I was working with Firefox, Visual Studio Code, Sublime, terminals, postgreSQL. When my screen froze, actually my mouse pointer was moving really slowly, but I couldn’t even open the terminal to look at the logs because everything stopped working, I even tried to switch to the tty1 (ctrl+alt+f1) but it didn’t worked, I had to press the shutdown button.

hi @admin8cqme , finally I’m testing this configuration in ubuntu 20.04 LTS:

Kernel: 5.4.0-26-generic
nvidia driver:
modinfo nvidia
filename: /lib/modules/5.4.0-26-generic/updates/dkms/nvidia.ko
alias: char-major-195-*
version: 435.21
supported: external
license: NVIDIA

I installed using : apt install nvidia-driver-435

dpkg -l | grep nvidia-driver-435
ii nvidia-driver-435 435.21-0ubuntu7 amd64 NVIDIA driver metapackage

I have been using chrome with video in 4k more than 2 hour and seems stable.

My xorg,conf is:
path: /etc/X11/

Section “ServerLayout”
Identifier “Layout0”
Screen 0 “Screen0” 0 0
InputDevice “Keyboard0” “CoreKeyboard”
InputDevice “Mouse0” “CorePointer”
Option “Xinerama” “0”
EndSection

Section “Files”
EndSection

Section “Module”
Load “dbe”
Load “extmod”
Load “type1”
Load “freetype”
Load “glx”
EndSection

Section “InputDevice”
# generated from default
Identifier “Mouse0”
Driver “mouse”
Option “Protocol” “auto”
Option “Device” “/dev/psaux”
Option “Emulate3Buttons” “no”
Option “ZAxisMapping” “4 5”
EndSection

Section “InputDevice”
# generated from default
Identifier “Keyboard0”
Driver “kbd”
EndSection

Section “Monitor”
# HorizSync source: edid, VertRefresh source: edid
Identifier “Monitor0”
VendorName “Unknown”
ModelName “Samsung LC24RG50”
HorizSync 168.0 - 168.0
VertRefresh 48.0 - 144.0
Option “DPMS”
EndSection

Section “Device”
Identifier “Device0”
Driver “nvidia”
VendorName “NVIDIA Corporation”
BoardName “GeForce GTX 1660”
EndSection

Section “Screen”
Identifier “Screen0”
Device “Device0”
Monitor “Monitor0”
DefaultDepth 24
Option “Stereo” “0”
Option “nvidiaXineramaInfoOrder” “DFP-2”
Option “metamodes” “1920x1080_144 +0+0 {ForceFullCompositionPipeline=On}”
Option “SLI” “Off”
Option “MultiGPU” “Off”
Option “BaseMosaic” “off”
Option “AllowIndirectGLXProtocol” “off”
Option “TripleBuffer” “on”
SubSection “Display”
Depth 24
EndSubSection
EndSection

You have to adjust it according to your graphic card and monitor frequency.
you can use to adjust via nvidia-settings your xorg.conf and save it to /etc/X11/

I hope it helps. Let me know…

AH! and also I upgraded from 19.10 to 20.04 LTS with no problems.

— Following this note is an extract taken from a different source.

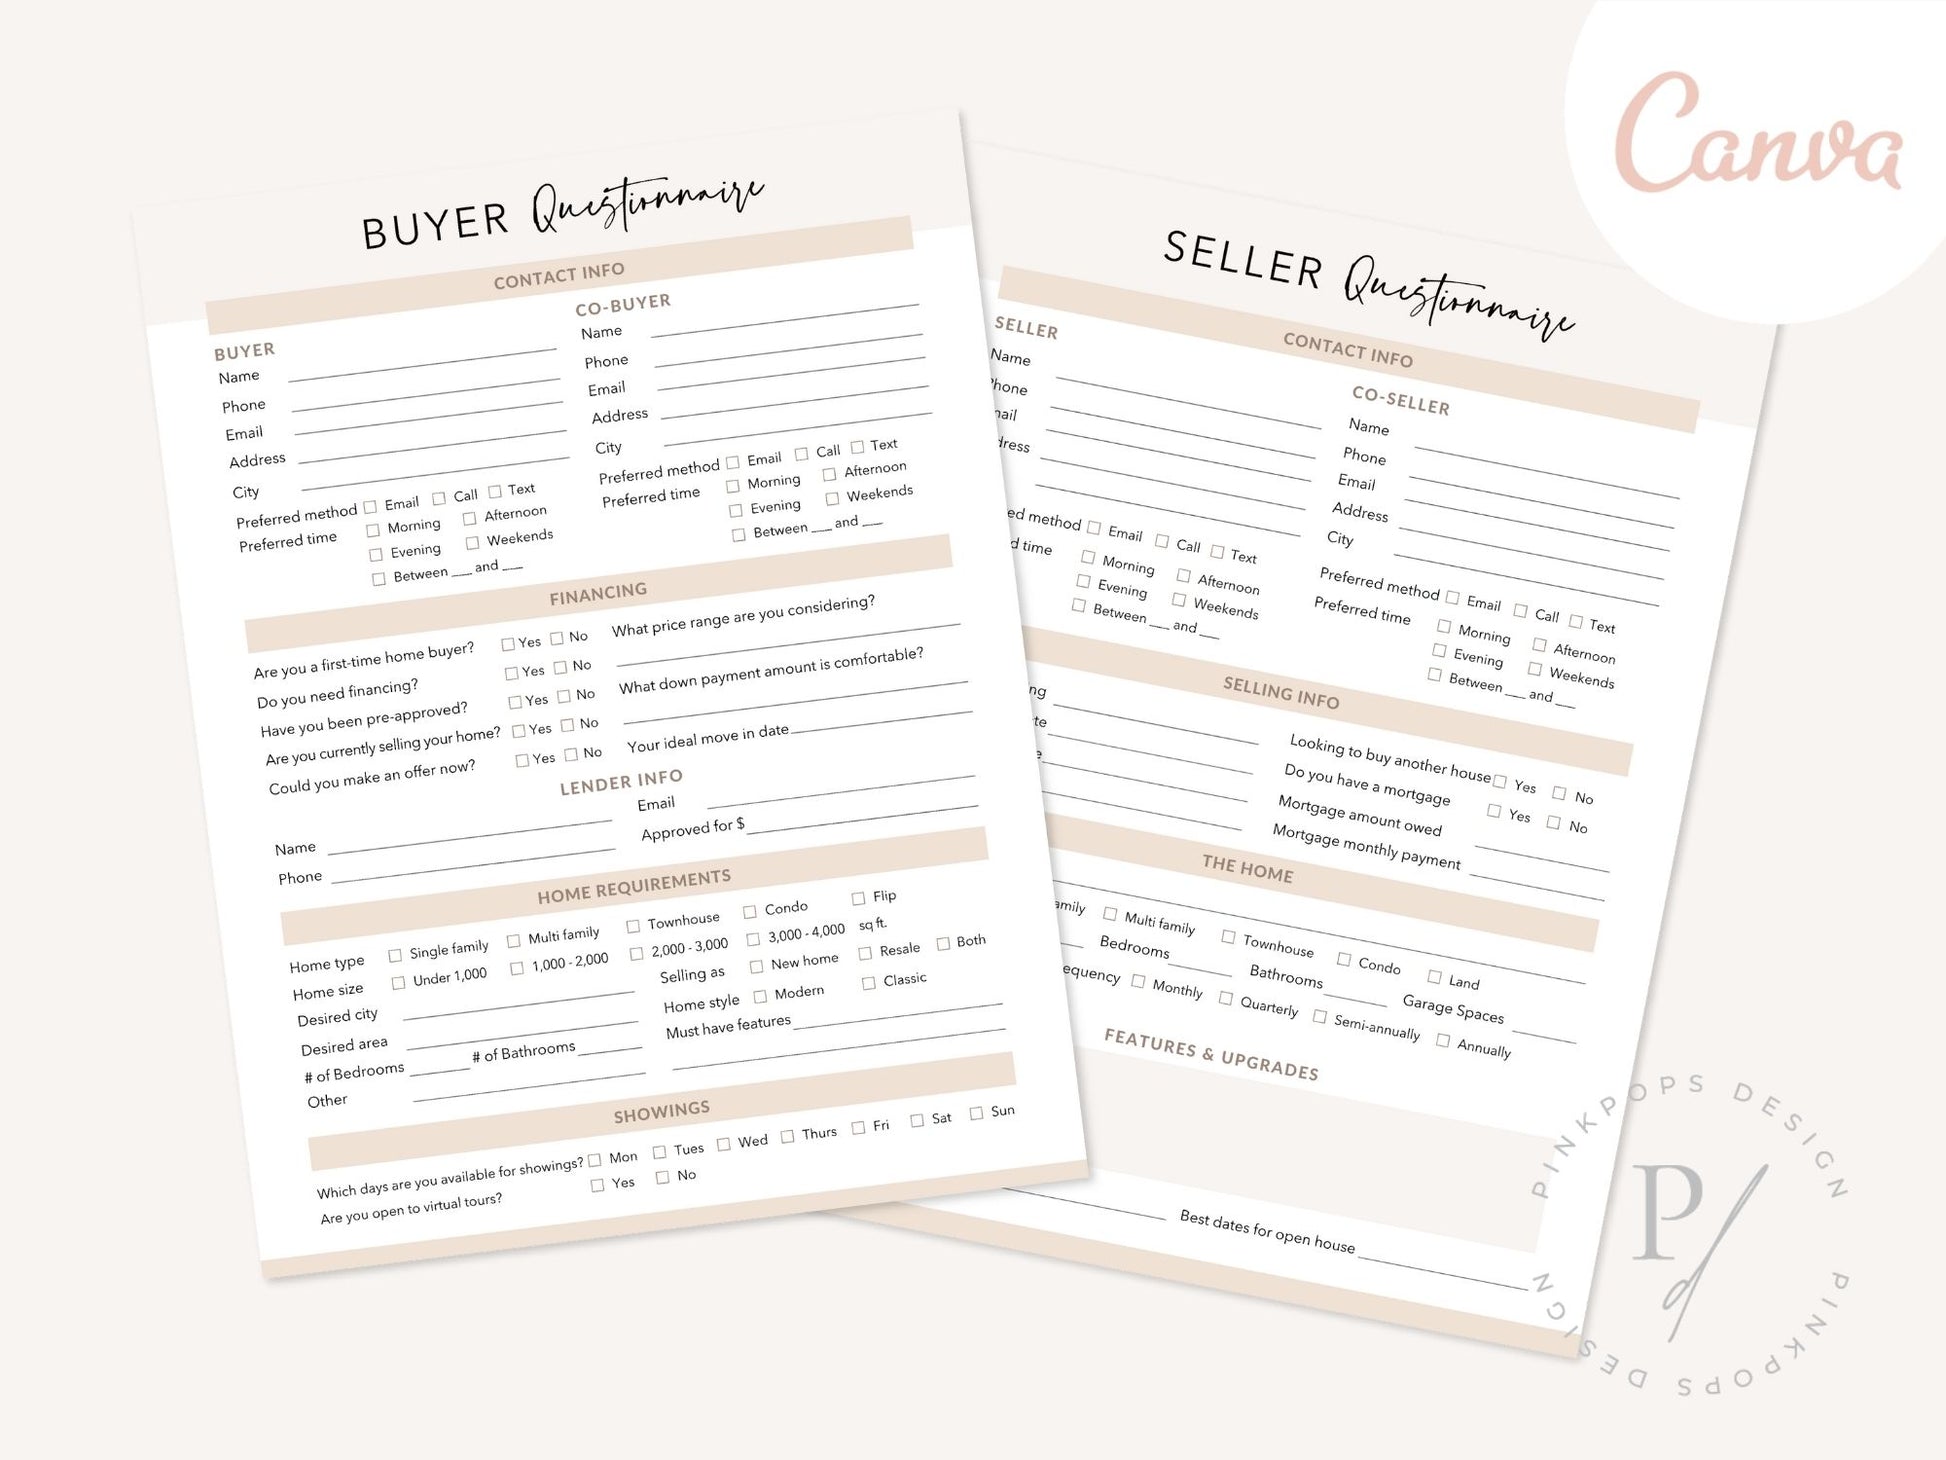 Real Estate Buyer & Seller Questionnaire - Editable template for enhancing client communication and ensuring a well-informed and organized real estate transaction process.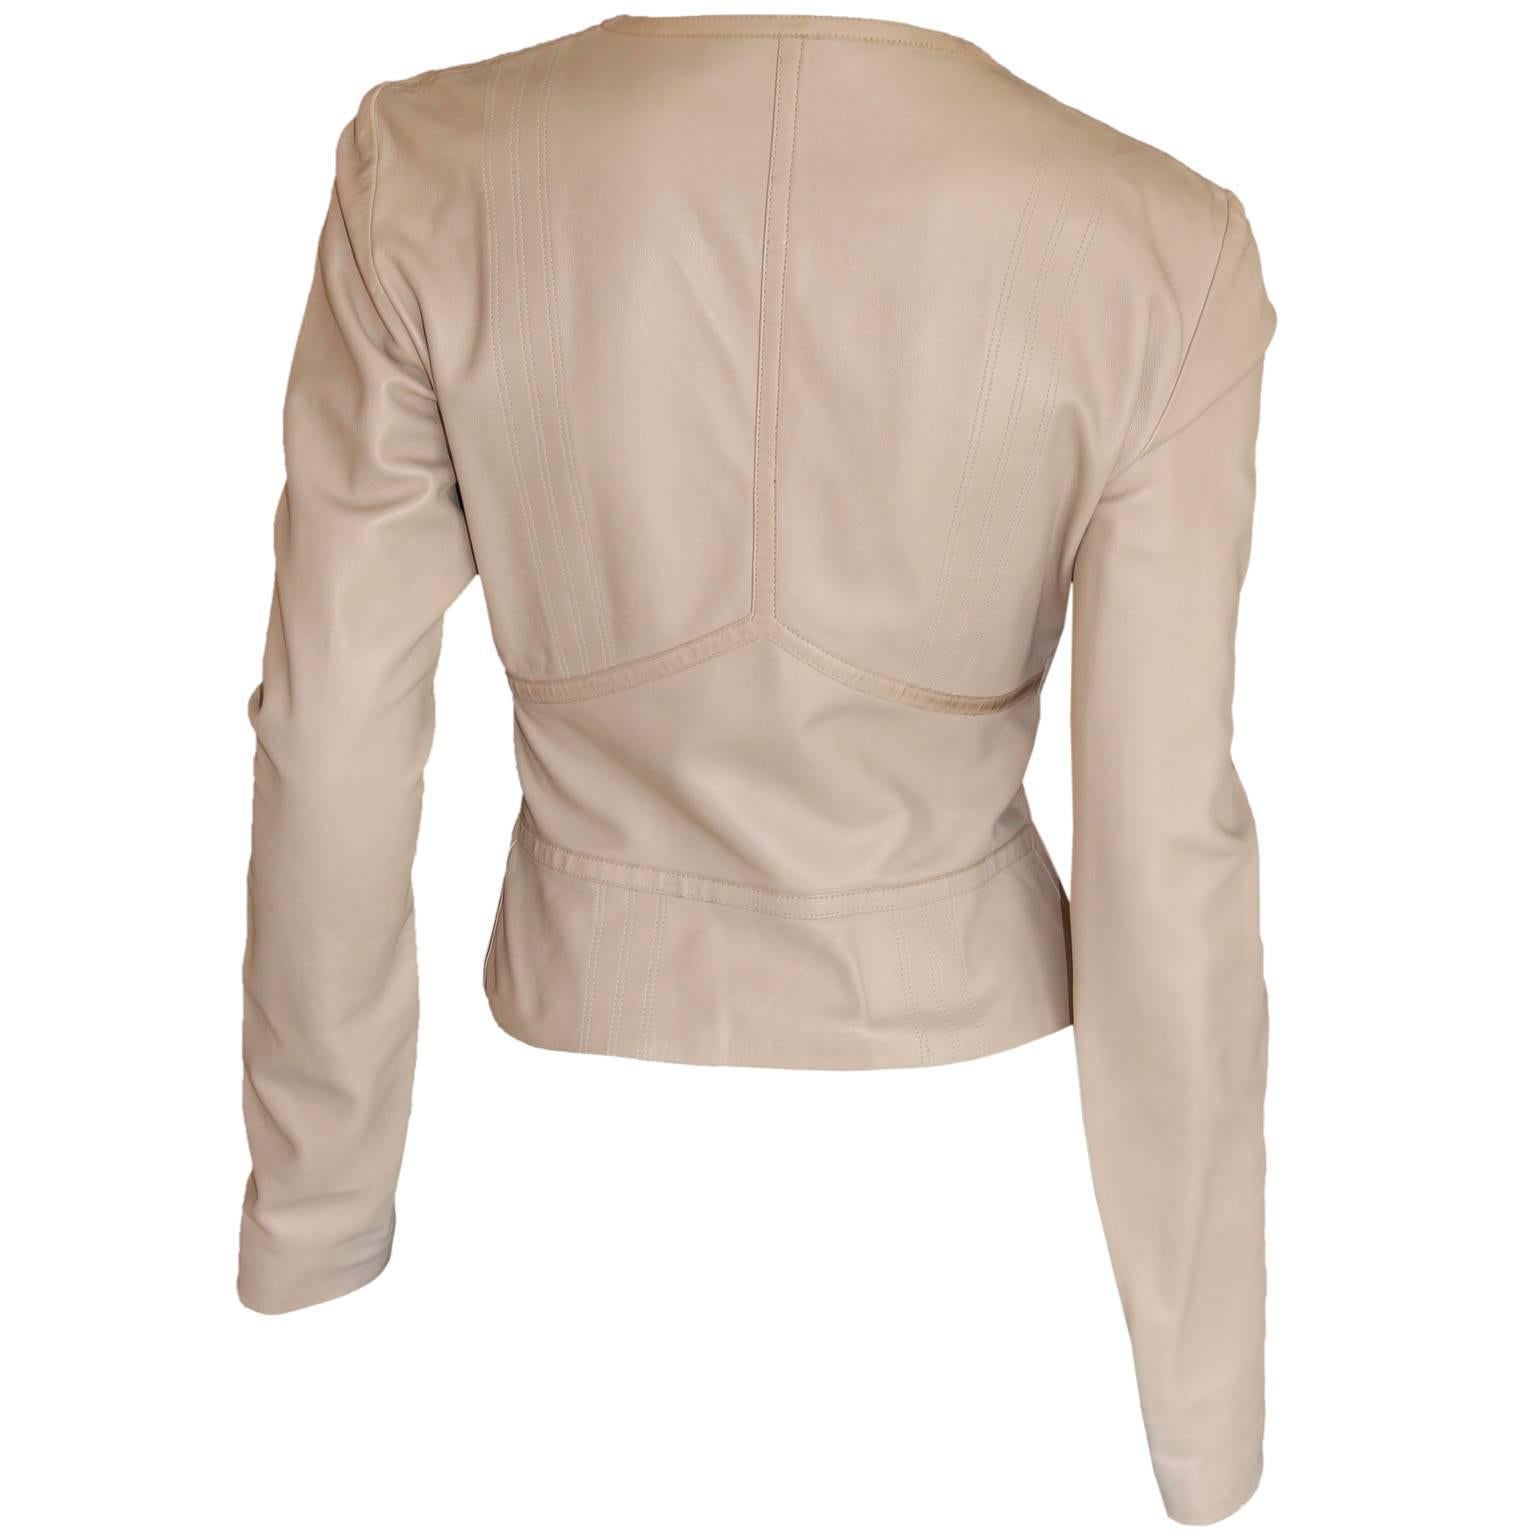 That Ridiculously Rare & Iconic Tom Ford for Gucci Fall/Winter 2001 nude lambskin leather jacket! This heavenly jacket is an Italian size 44 & will fit a US size 6 to 8 beautifully... an absolute must for any Tom Ford lover or

I’m testing this with kernel 5.4.0-28-generic and the same nvidia driver 435.

ubuntu-drivers list

then apt install nvidia-driver-435

Hi @carlosmerces I’m testing Archlinux, details:

kernel: 5.6.7-arch1-1
nvidia-driver:
nvidia-dkms 440.82-1
nvidia-settings 440.82-1
nvidia-utils 440.82-1

kde plasma enviroment, and still don’t have the issue, I will keep on testing it.
try it if you wish.

Hi @smooz, Try ubuntu 20.04 LTS kernel 5.4.0-28-generic with nvidia-driver-435 and see how it goes, what OS are you using?
kernel and nvidia driver?

Hi @basdeth,

Thank you for all the work you seem to be putting into this. I’m still currently using your previous suggestion of appending rcutree.rcu_idle_gp_delay=1 to my grub config.

So far, I have not experienced any crashes although it has only been two days. I have previously gone a full week without a crash, so I will probably need to wait an entire month before I begin feeling confident that I have found a fix.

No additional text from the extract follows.